Понимая, что царь опять близок к припадку, Ракоци попытался погасить в нем истерический импульс.
— Или Господь указует тебе, государь, что видит, сколь изранено твое сердце, — сказал рассудительно он. — Он, возможно, прислушивается к молитвам усопшей праведницы и через лик ее возглашает, что готов умерить свой гнев.
Иван в изумлении поднял глаза.
— Так говорит тебе твой самоцвет?
Ракоци ощутил, что ступает по лезвию бритвы, но внешне ничем этого не показал.
— Государь, я всего лишь алхимик, и мне не дано знать, до какой степени способны выращенные мной самоцветы воздействовать на людей, однако раз уж Господь дозволяет мне их создавать, то, возможно, на них снисходит вышняя благодать, способная приносить утешение праведным душам.
Иван не замедлил с ответом, вид у него был довольный.
— Ты скромен, венгр, как и подобает изгнаннику, — прочувствованно произнес он и резко обернулся к Борису. — Шахматы. Приготовься, мы вскоре сразимся. — Он отошел к дальнему иконостасу и упал перед ним на колени, по-прежнему сжимая в руках аметист.
Борис осторожно приблизился к Ракоци и прошептал:
— Что вы сказали ему?
Полуулыбка тронула губы Ракоци и тут же исчезла.
— Софизм, с малой долей истины для приправы.
— Опасная игра, — предостерег Борис, глядя на отбивавшего поклоны Ивана.
— Не более, чем ваши шахматы, — заметил спокойно Ракоци.
Борис хмуро кивнул.
— Вы останетесь поглядеть?
— Нет, — сказал Ракоци. — Я бы и рад, но к государю чуть позже заявится отец Погнер.

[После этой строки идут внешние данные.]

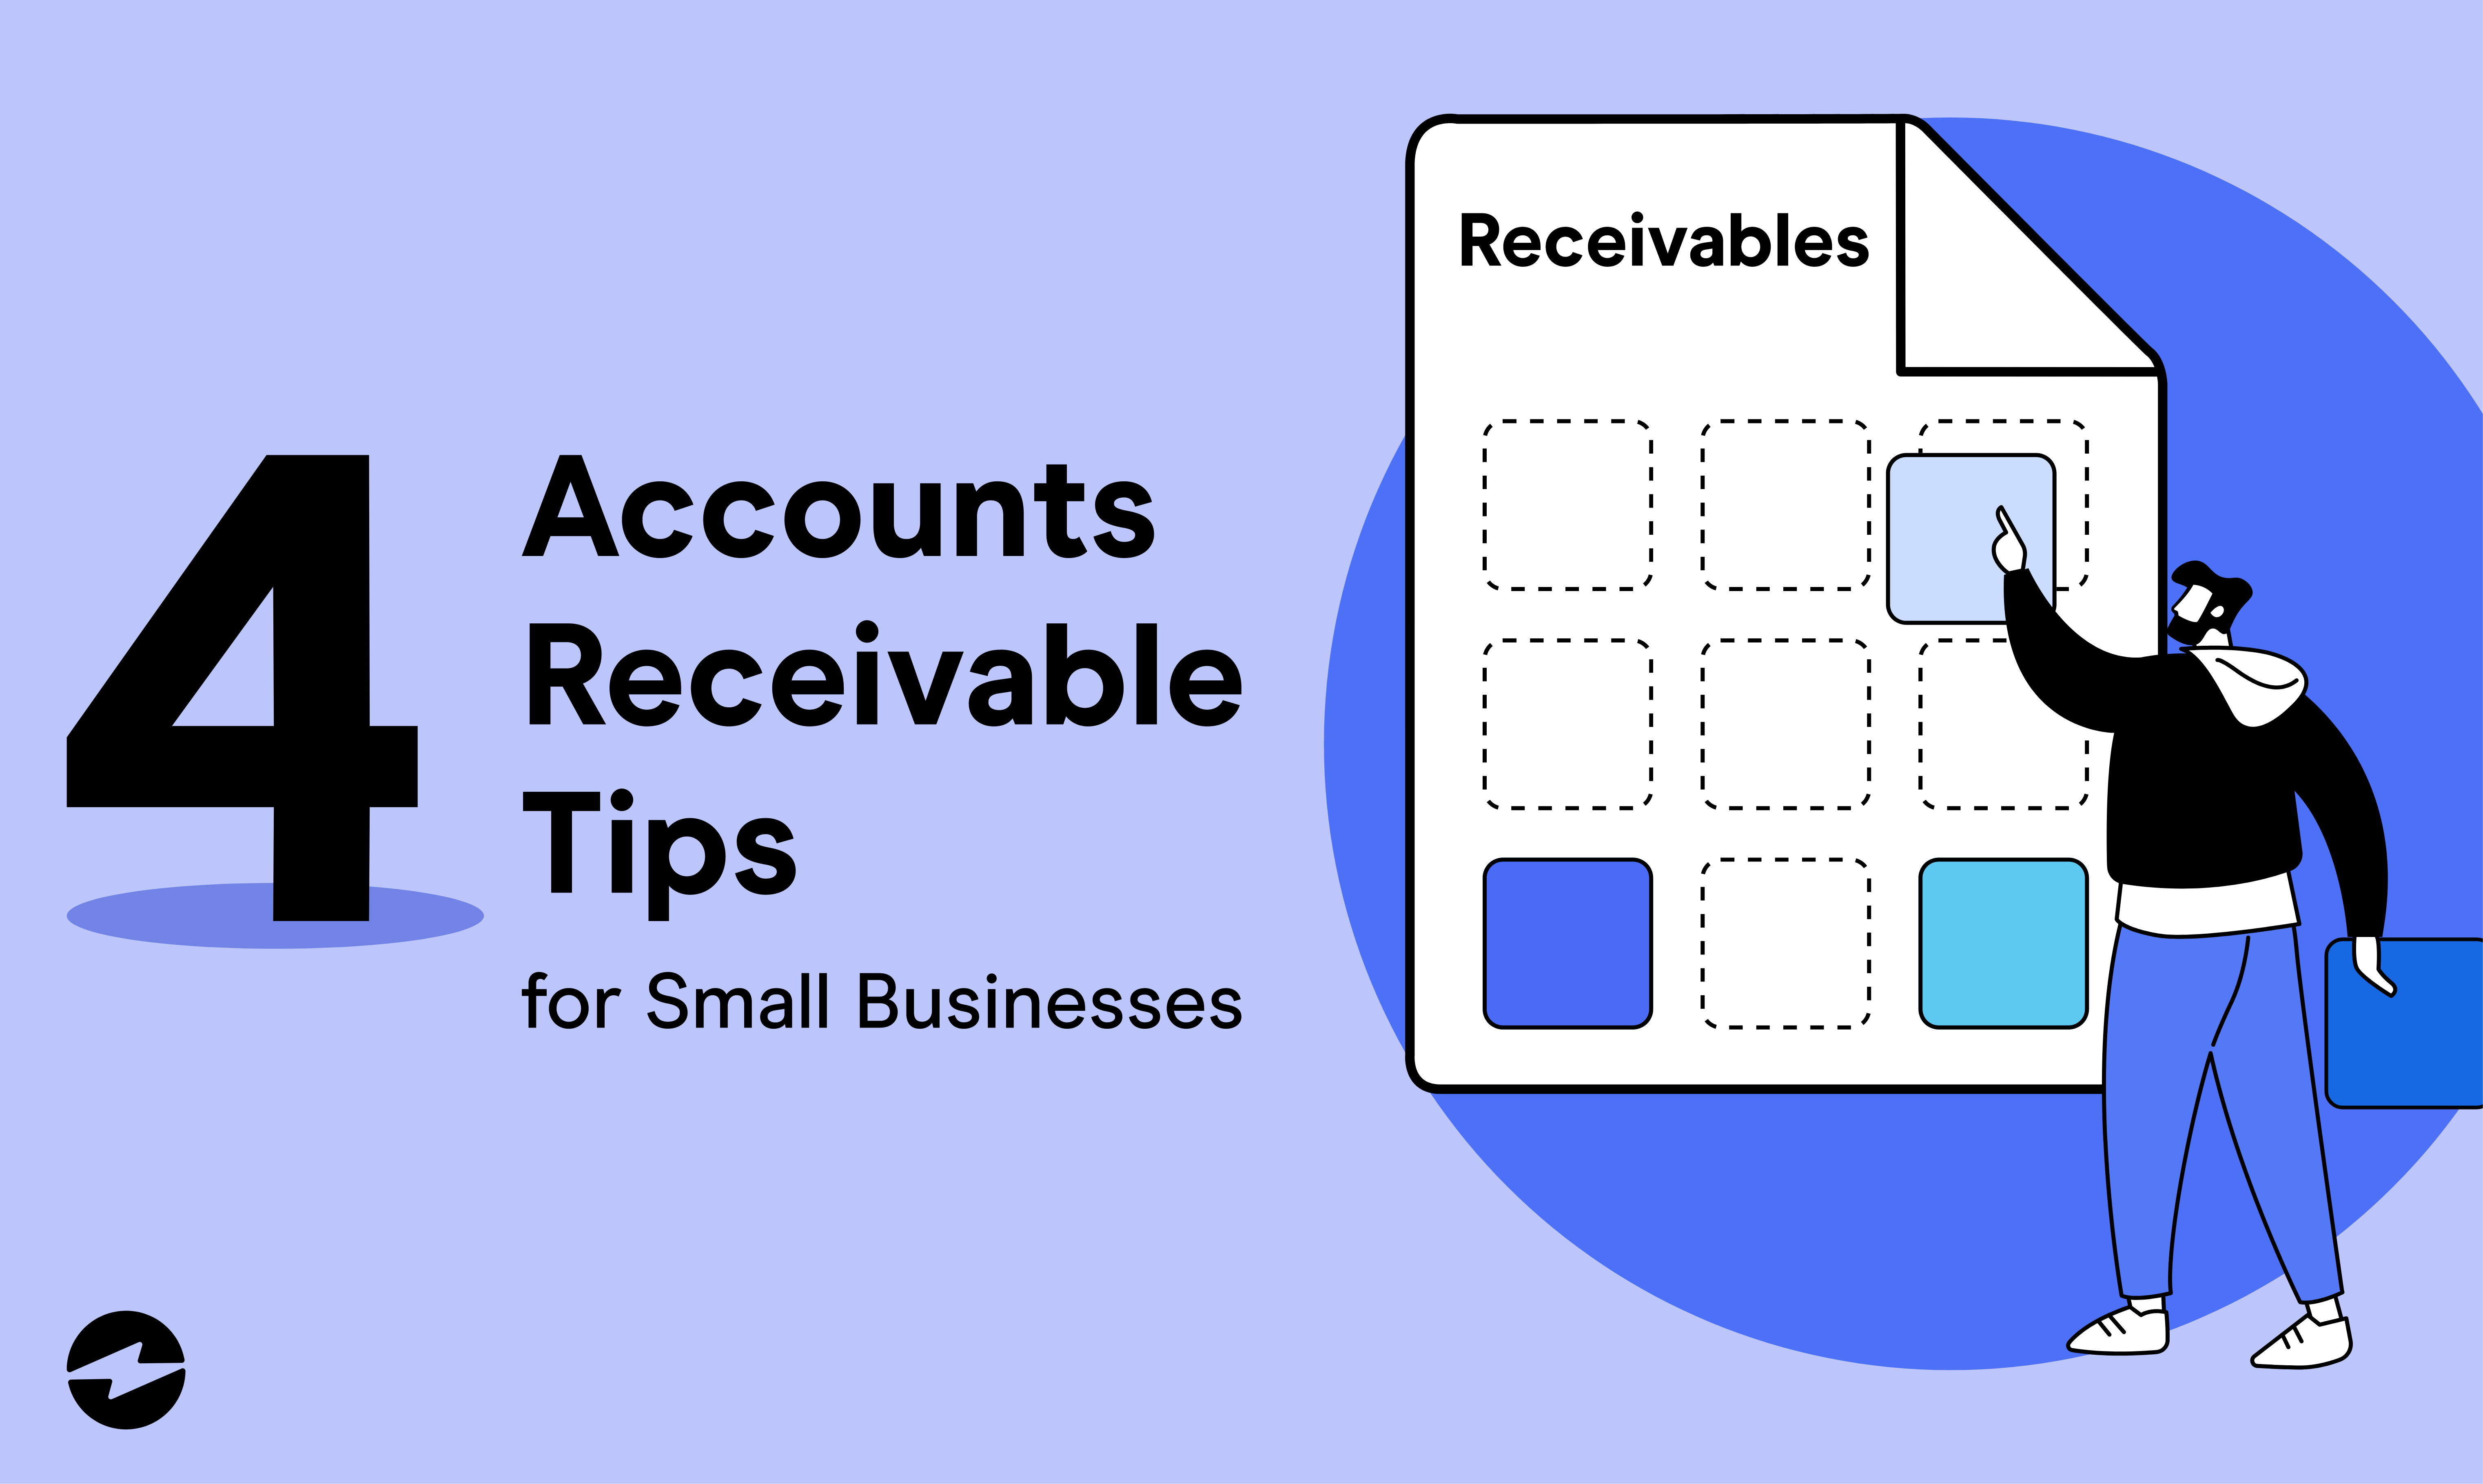 Accounts Receivable Tips

Мне сообщили, что мое присутствие нежелательно. Я проведу этот вечер с женой.
— Игра, Борис Федорович, — крикнул Иван, прерывая молитву, но не давая себе труда обернуться. — Поторопи-ка Никиту. А иноземцу скажи, что он может идти.
— Сейчас, батюшка, — отозвался Борис, крестясь на иконы и пятясь к дверям. Ракоци молча скопировал его действия.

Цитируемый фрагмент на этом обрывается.